In the second step, the relation between the firing statistics of individual spike trains and the muscle excitation was established. A robust linear estimator of muscle excitation was trained using the DSC of each spike train as input, for each observation window containing spikes. The linear fitting method employed iteratively reweighted least squares using the bisquare weight function48.

After calibration, the model operated in a purely open-loop way, i.e. without control mechanisms to compensate for kinematic drift. The feasibility of the approach was assured by the fact that CMC generates dynamically consistent excitation profiles. Because of this property, if the estimated excitations matched the ones generated by CMC during calibration, then the resulting model kinematics would match the profiles tracked by CMC, and therefore could be used in an open-loop forward dynamics formulation.

Comparison with the state of the art

State of the art myoelectric control methods extract features from the interference EMG directly, and use machine learning techniques to estimate the joint angles continuously during movement. For comparison with our modelling approach, we implemented an ANN that is considered the currently best performing method according to6,35.

Feature extraction

The rectified EMG signal was digitally band pass filtered with a 4th order Butterworth filter with cut-off frequencies 20 and 500 Hz35. In the same observation windows as used for the DSC feature set, we calculated the following TD features of the signal for each channel: root mean square, slope sign changes, zero crossings, and waveform length5,49. We then reduced the dimensionality of the data using principle component analysis (PCA) so that the resulting signal retained 98% of the original variance. The loadings were calculated using the whole training data, and the scores were extracted from the multichannel signal during estimation using these loadings.

Myoelectric regression

We implemented nonlinear regression with the neural network toolbox of MATLAB, using one separate network for each DoF and three neurons in one hidden layer per network, as suggested in6,49. The training was done using the Levenberg-Marquardt back-propagation algorithm. For each fold, we trained 50 ANNs using two repetitions of each DoF, and only the network with the best performance was used for further comparisons, as suggested in50.

To evaluate whether there was an increase in ANN regression performance due to including neural information in addition to the interference EMG features, we introduced a third feature set containing both the TD and the DSC features used as input for ANN regression. These were concatenated before the PCA, and then the same dimensionality reduction and regression training were applied as for TD.

Statistical analysis

We used three-fold cross-validation to assess the regression performance for both the ANN and the NMS regression. From the three repetitions that the subjects performed, we randomly labeled two repetitions of each direction of each DoF as part of the training set. The testing set consisted of the remaining repetition of each direction of each DoF. The performance measures were the R2 value and the Root Mean Squared Error (RMSE) of the fitting between the estimated and the captured wrist kinematics. We repeated the cross-validation 10 times for both methods.

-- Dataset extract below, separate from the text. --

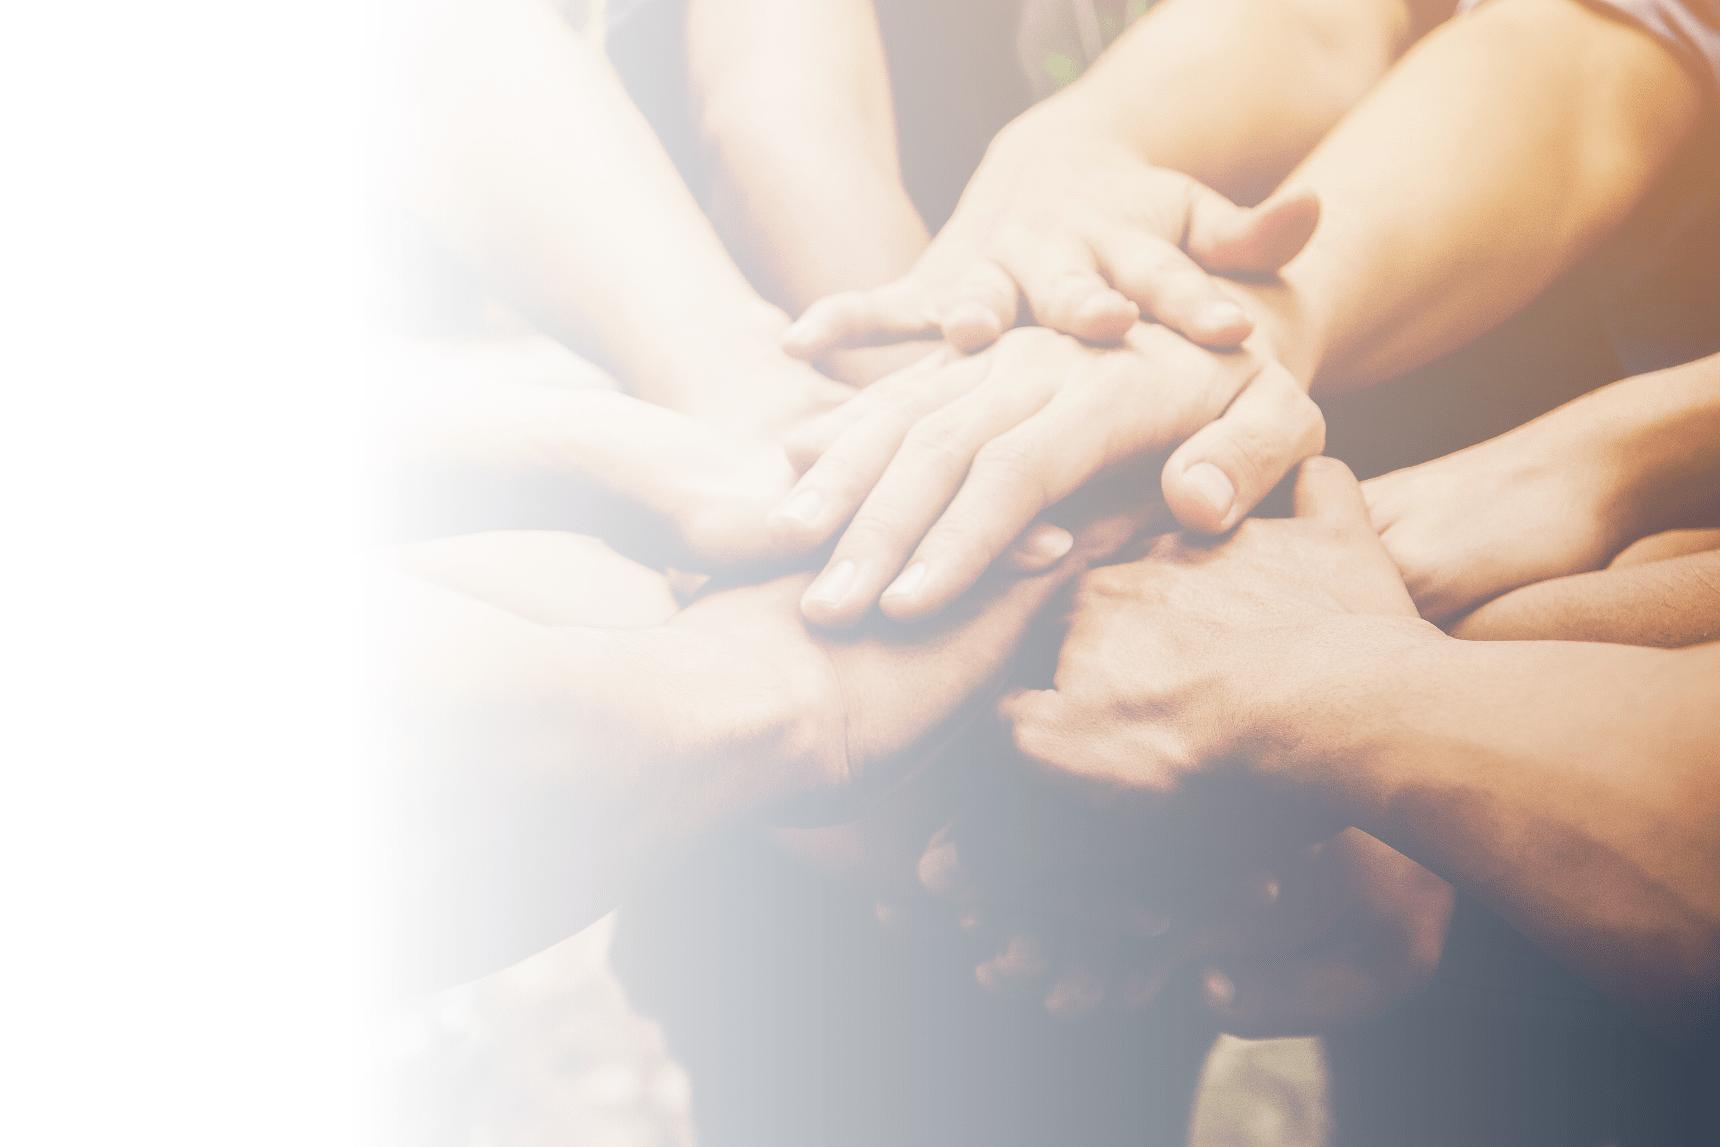 Mehrere Hände die Zusammenhalten - symbolisiert Mitarbeitermotivation durch das Team

For statistical analysis, we used an ANOVA model with the fixed factor “Feature” and the random factor “Subject”, which was nested within the fixed factor “Group” (with levels “Intact-Bodied” and “Transradial Amputees”). Individual analyses were carried out using one-way repeated measures ANOVA for each subject individually with the fixed factor “Feature”. Post-hoc tests were performed using the Bonferroni correction and significance was reported at p < 0.05. Means and standard deviations are reported. We performed the analysis on both performance measures separately.